#### WHAT IS EXPECTED
From the first line to the last, repeat the data exactly but leave out the pictures.

#### DATASET EXTRACT
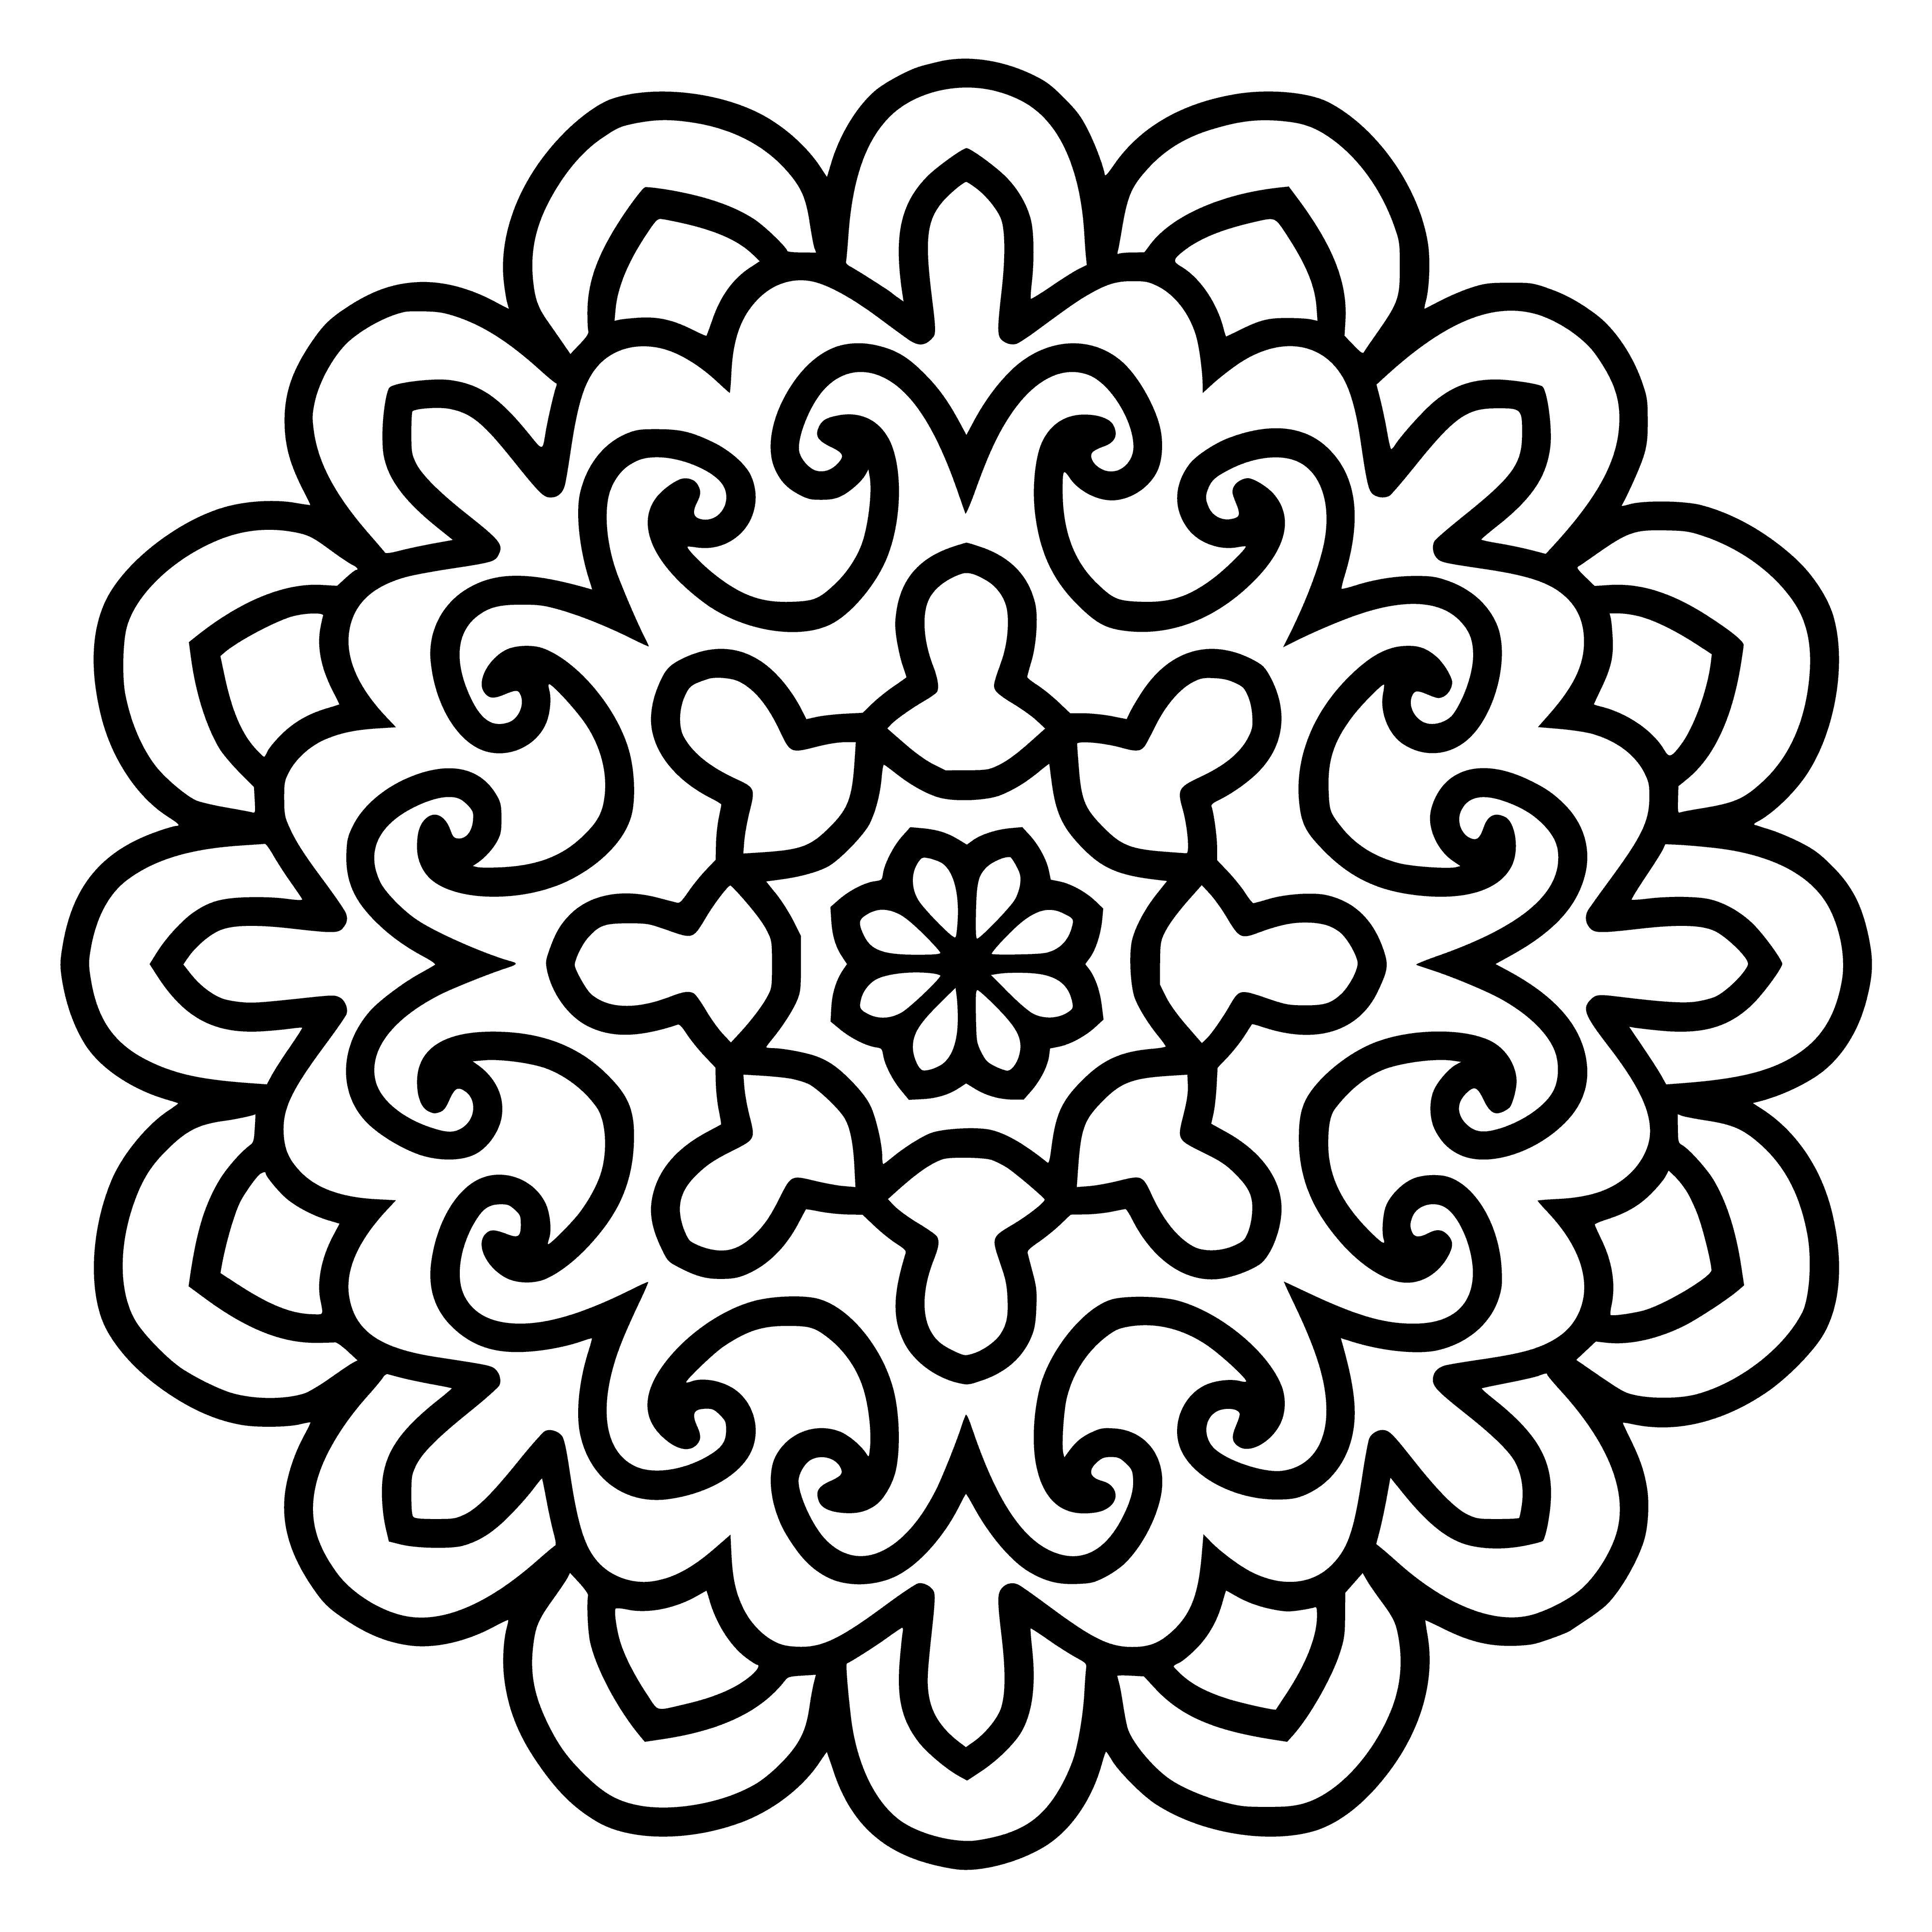 coloring page: Mandalas are a circular design used in Hinduism & Buddhism for meditation & healing. Mandala coloring pages can help one relax & de-stress.
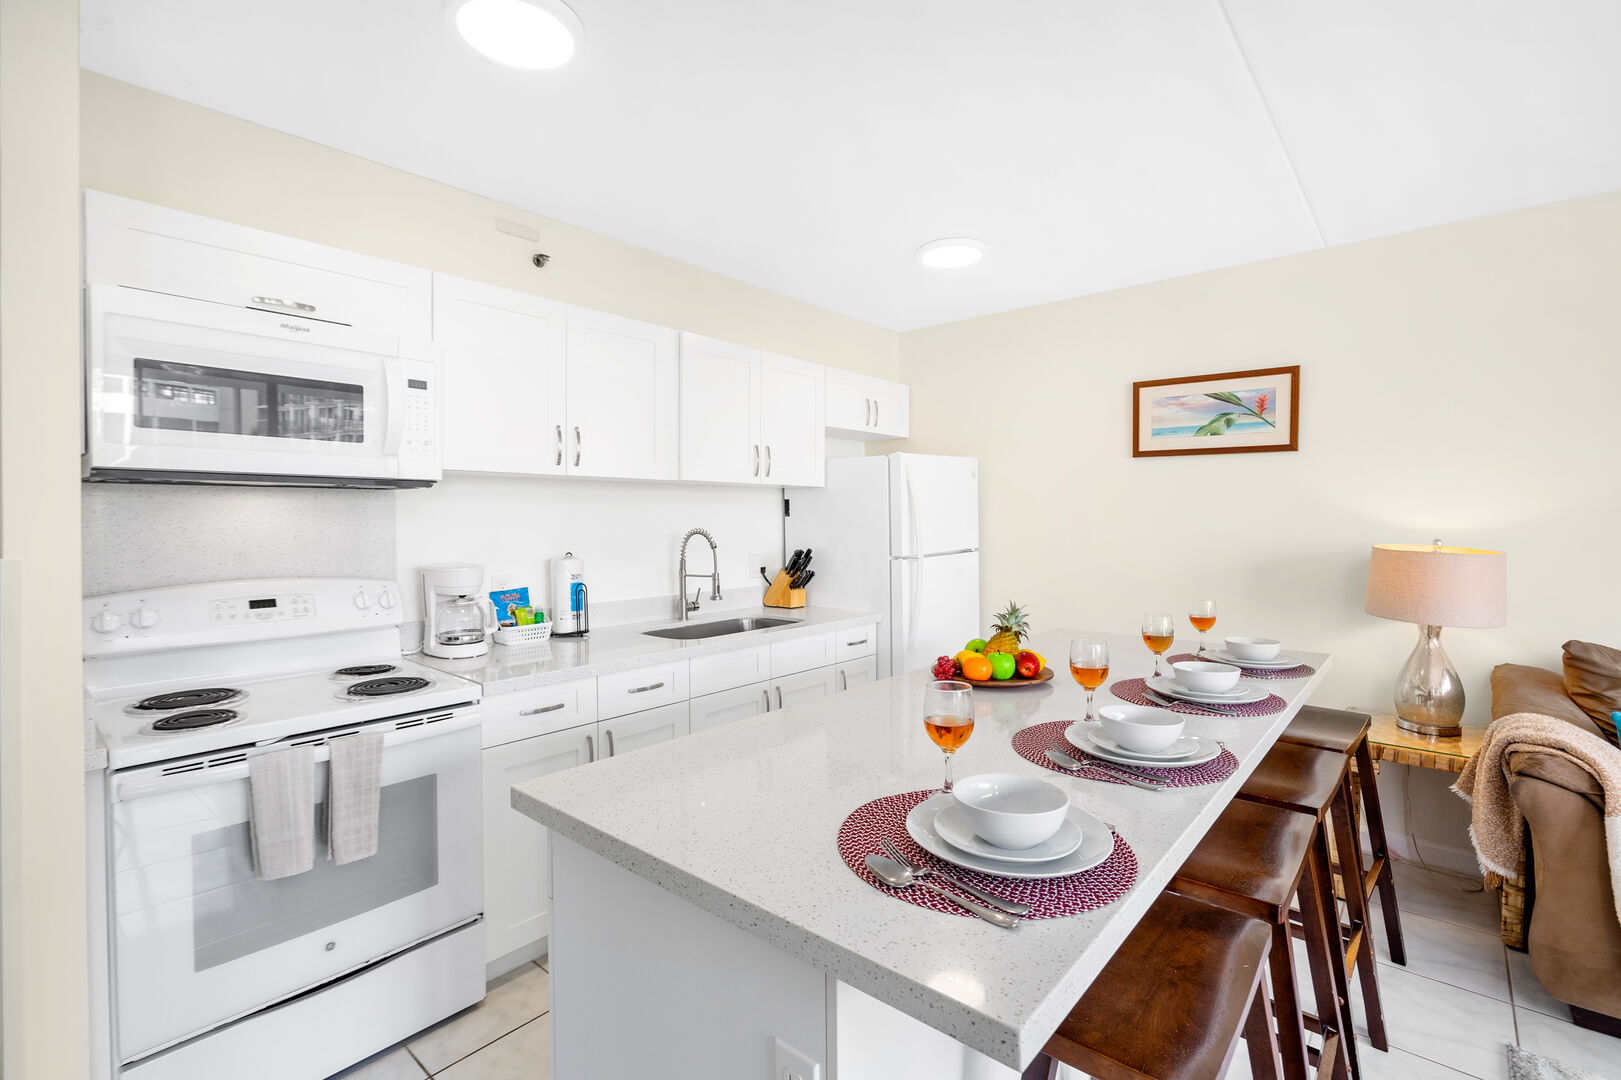 Make delicious meals in this fully renovated equipped kitchen!
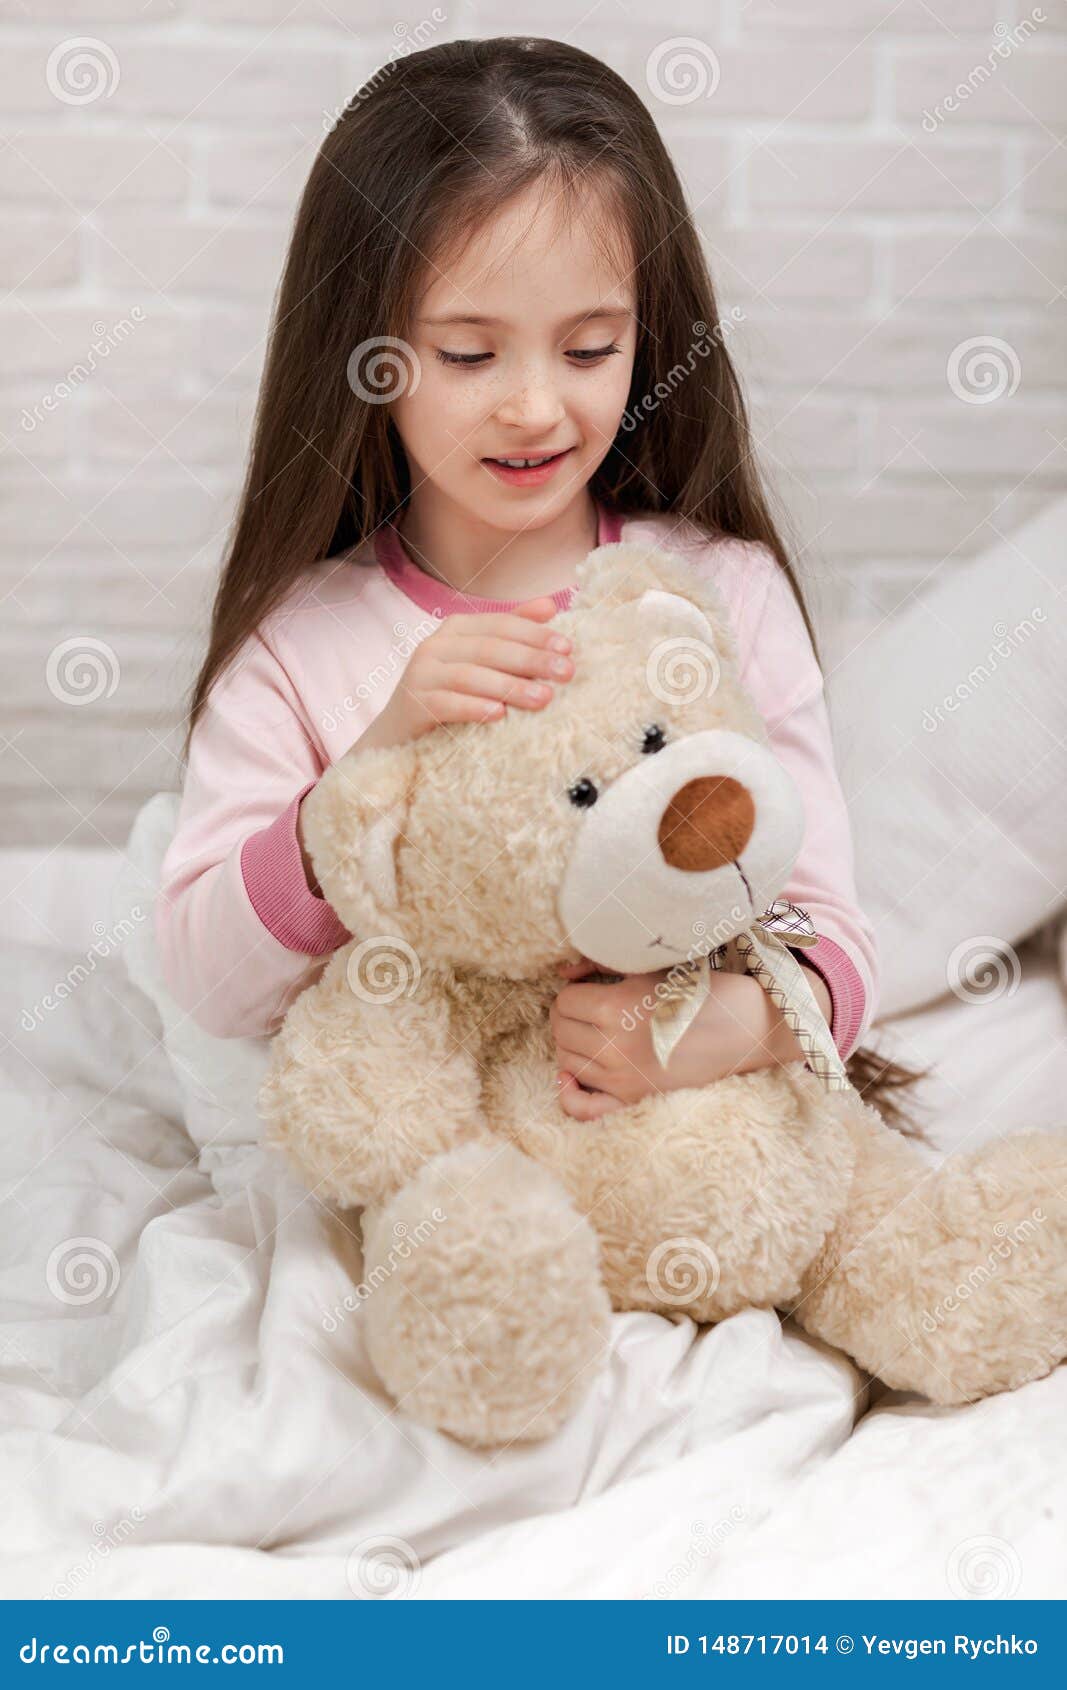 Baby hugging a teddy bear stock photo. Image of bedding - 148717014

#### SOLUTION FOR THIS PROBLEM
 coloring page: Mandalas are a circular design used in Hinduism & Buddhism for meditation & healing. Mandala coloring pages can help one relax & de-stress.
 Make delicious meals in this fully renovated equipped kitchen!
 Baby hugging a teddy bear stock photo. Image of bedding - 148717014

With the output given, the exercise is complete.